Forte diminution du nombre d’exploitations moyennes

Avec 3 350 unités en 2010, l’agriculture du Doubs a perdu près de 25% de ses exploitations en dix ans. Ce sont autant les moyennes exploitations, dont la PBS (cf. définition page 4) est comprise entre 25 000 € et 100 000 €, que les petites (de moins de 25 000 € de potentiel de production) qui ont disparu. Ces dernières, dont les exploitants sont à temps partiel sur l’exploitation, retraités ou double actifs, ne représentent plus qu’une exploitation sur quatre et n’exploitent que 5% de la SAU. Les exploitations moyennes ont vu leur nombre diminuer de 700 unités entre les deux derniers recensements et leur potentiel économique global passer de 51% du produit brut standard global à 37%. Dans le même temps, les grandes exploitations ont encore accru leur poids, tant en nombre (près de 1 000 unités en 2010, soit + 110 depuis l’an 2000) qu’en potentiel économique (+ 24%). Dans ce groupe, le nombre des très grandes exploitations (200 ha et plus) passe de 20 à 90. Leur poids économique a été multiplié par 3,5 en dix ans.

Les terres laissées libres par les exploitants cessant leur activité ont été reprises par les grandes exploitations. Globalement, la SAU des exploitations ayant leur siège dans le Doubs est restée stable (- 500 hectares) mais la taille moyenne augmente. Ainsi, chacune des 2 480 exploitations moyennes et grandes du Doubs exploitent, en moyenne, 85 ha, soit 16 ha de plus qu’en 2000. La chute du nombre d’exploitations n’a pas empêché l’augmentation du nombre d’Exploitations à responsabilité limitée (EARL). Quasi inexistantes en 1988, elles sont près de 500 en 2010. Le nombre de Groupements agricoles d’exploitations en commun (GAEC), quant à lui, se maintient à 650 unités. En revanche, les exploitations individuelles, encore fortement majoritaires et présentes principalement dans la catégorie des petites et moyennes exploitations, accusent un recul de 34% en dix ans.

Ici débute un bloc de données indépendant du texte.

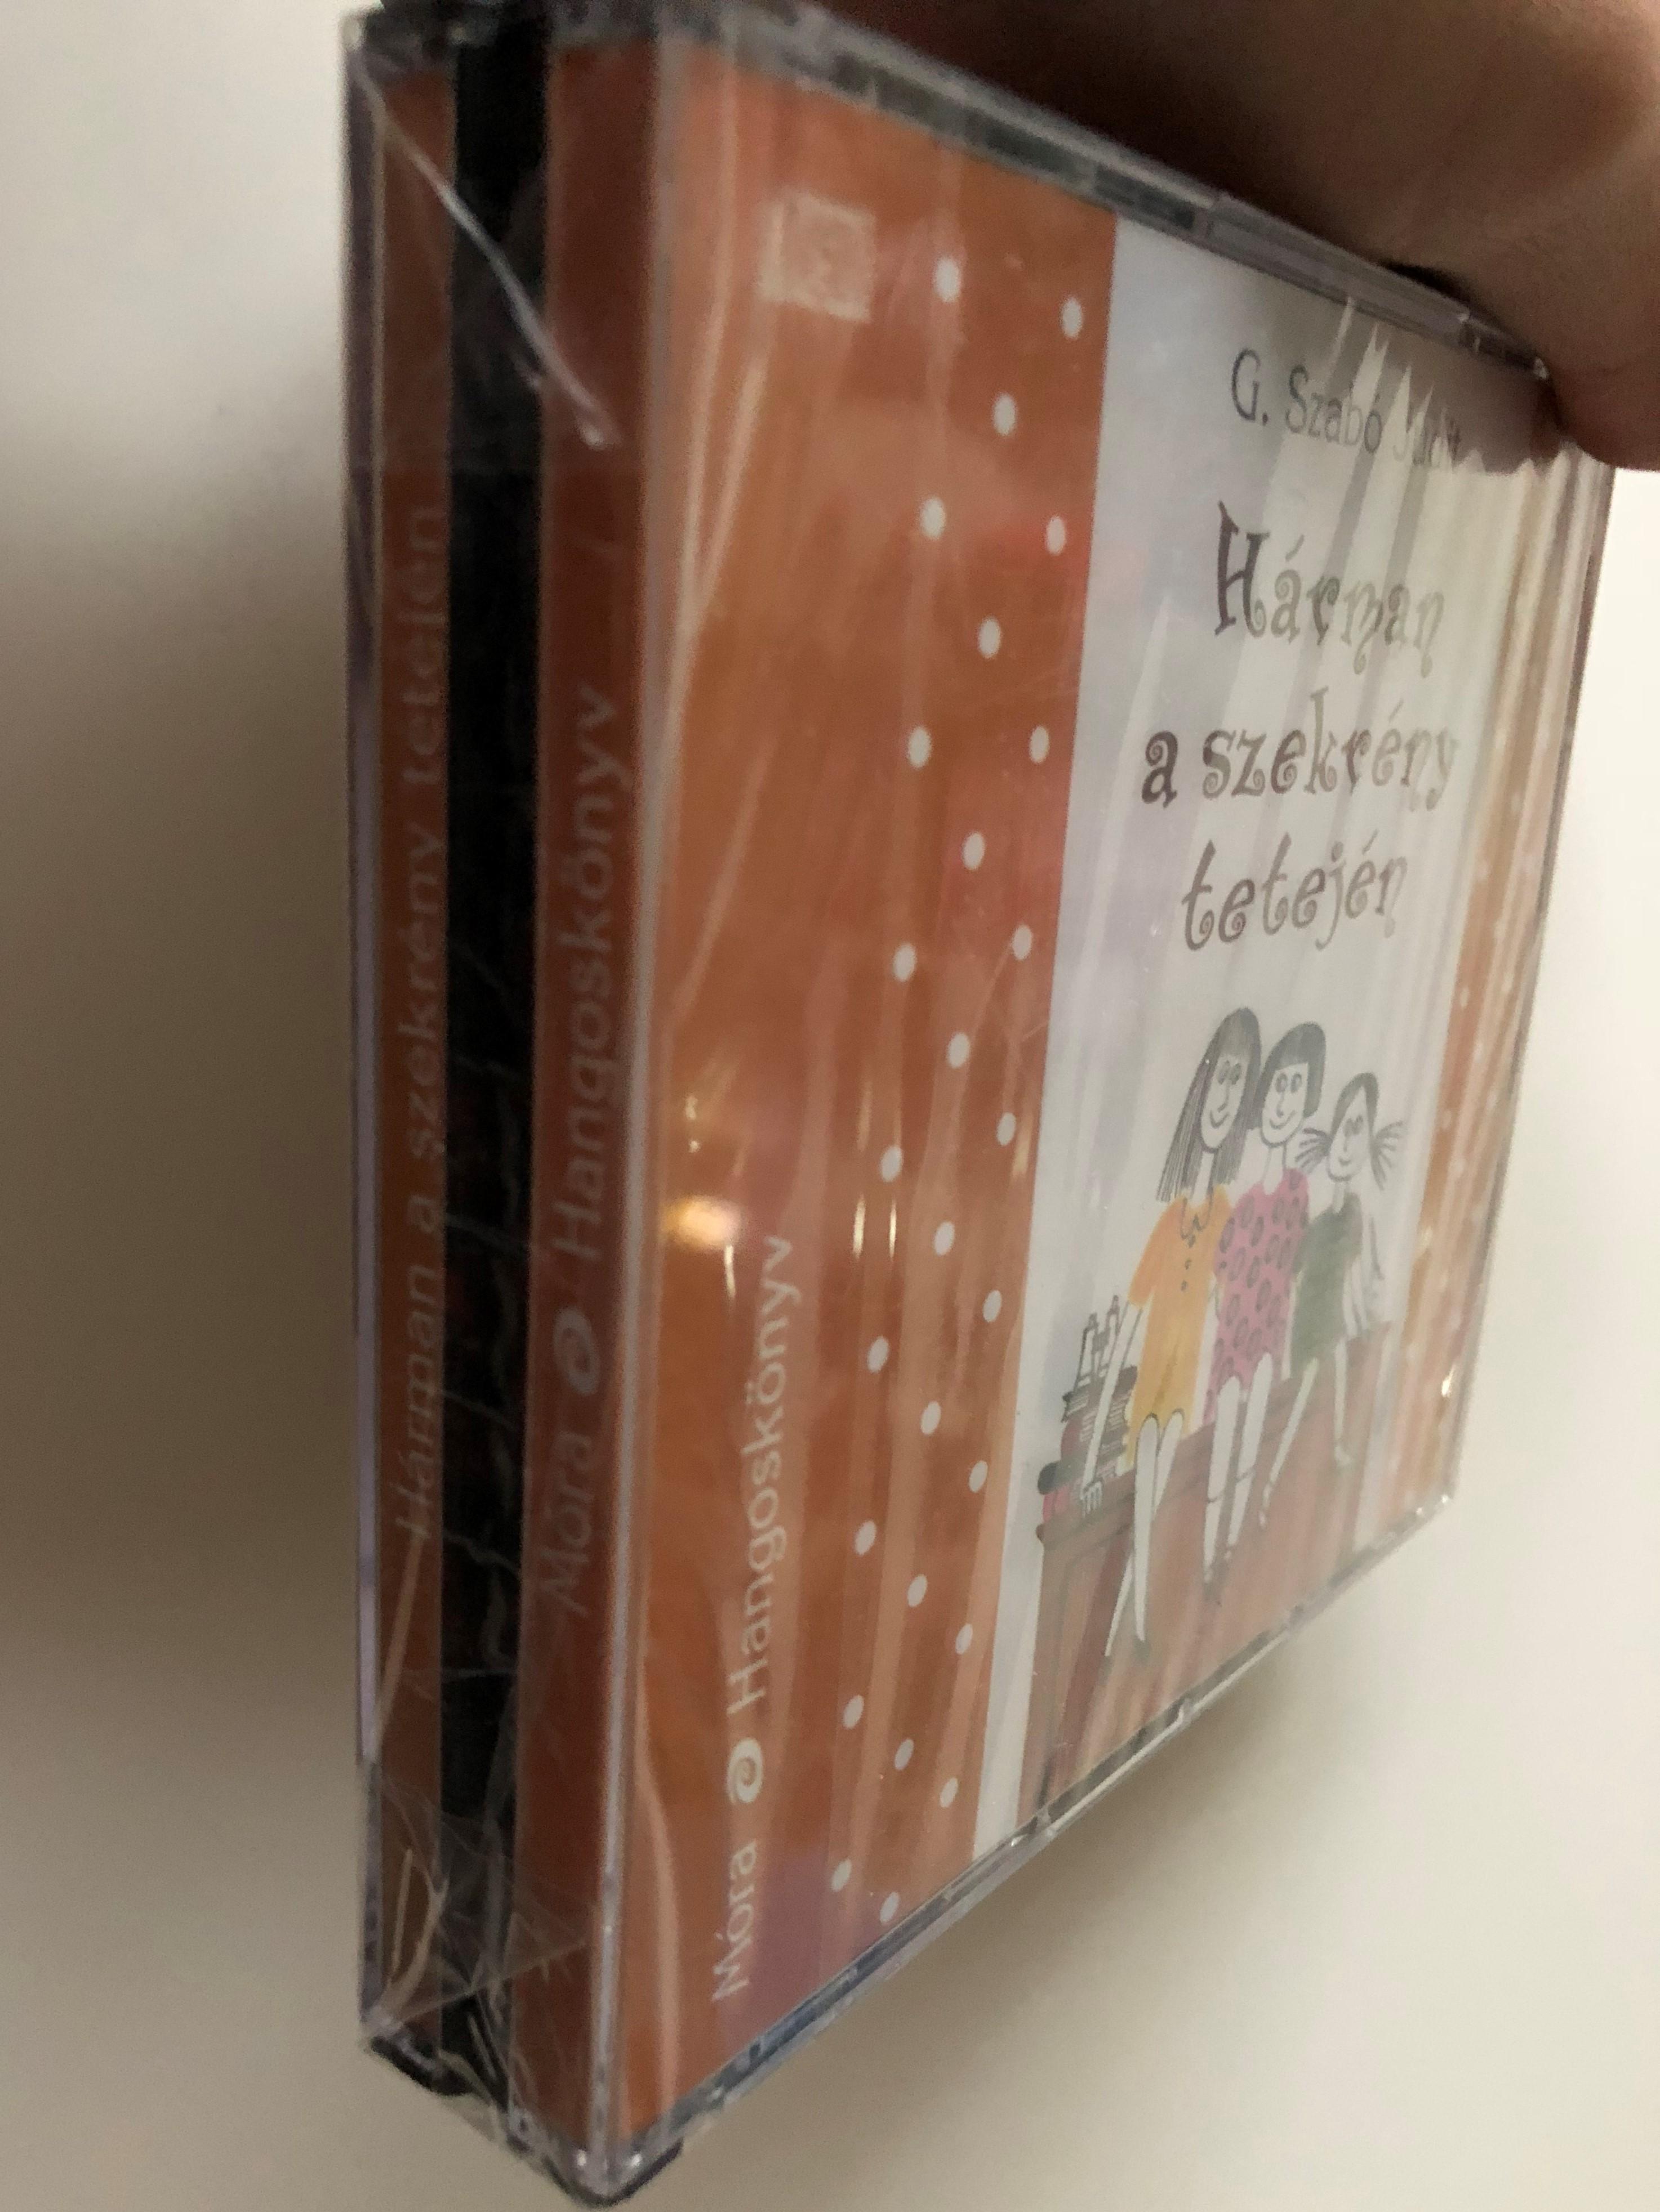 h-rman-a-szekr-ny-tetej-n-by-g.-szab-judit-hungarian-language-audio-book-read-by-zakari-s-va-4x-audio-cd-set-m-ra-k-nyvkiad-2008-2-.jpg

Recensement agricole du Doubs : premières tendances

Large plébiscite pour l’élevage de bovins lait

Même si le nombre d’exploitations diminue de 500 unités entre 2000 et 2010, l’élevage spécialisé dans les bovins lait arrive toujours largement en tête des spécialisations de l’agriculture du Doubs, et 82% des grandes et moyennes exploitations ont fait ce choix. La bonne valorisation des productions fromagères sous signes de qualité n’incite peut-être pas les éleveurs à changer de production. Il reste alors peu de place pour les autres spécialisations qui arrivent très loin derrière. Seule l’orientation technico-économique «Céréales et oléoprotéagineux » progresse entre 2000 et 2010. Les autres productions restent marginales et ne concourent pas à la diversification dans ce département. Le paysage des grandes cultures ne change qu’à la marge dans le Doubs. La sole en blé progresse de 900 ha en 10 ans, et celle du triticale de 1 500 ha. Les surfaces en maïs diminuent légèrement (- 600 ha), tout comme celles en colza (- 200 ha). Quant aux autres oléagineux, tels le soja et le tournesol, leur culture reste toujours confidentielle.

La part de l’herbe dans la surface agricole utilisée est toujours aussi importante dans le Doubs, département d’élevage. Avec 187 000 ha en 2010, elle représente 85% de la SAU totale, soit deux points de plus qu’il y a dix ans. L’affirmation de la spécialisation dans l’élevage laitier de l’agriculture du Doubs se retrouve également dans l’évolution du troupeau bovin. Si le troupeau départemental diminue en volume (- 7 300 têtes), la baisse est moins importante qu’entre les deux précédents recensements. Le nombre de vaches laitières s’élève à 92 400 têtes en 2010 dans l’ensemble des exploitations, soit une baisse de 5,4% en 10 ans alors que leur nombre avait chuté de 17% entre 1988 et 2000. Dans les moyennes et grandes exploitations bovines, la barre des 100 animaux par ferme est franchie. Quant au nombre de vaches nourrices, qui avait doublé entre 1988 et 2000, il diminue de 400 têtes pour atteindre 6 400 animaux, dont 5 700 dans les seules moyennes et grandes exploitations. Les cheptels porcins et ovins sont également en baisse, parfois de façon importante.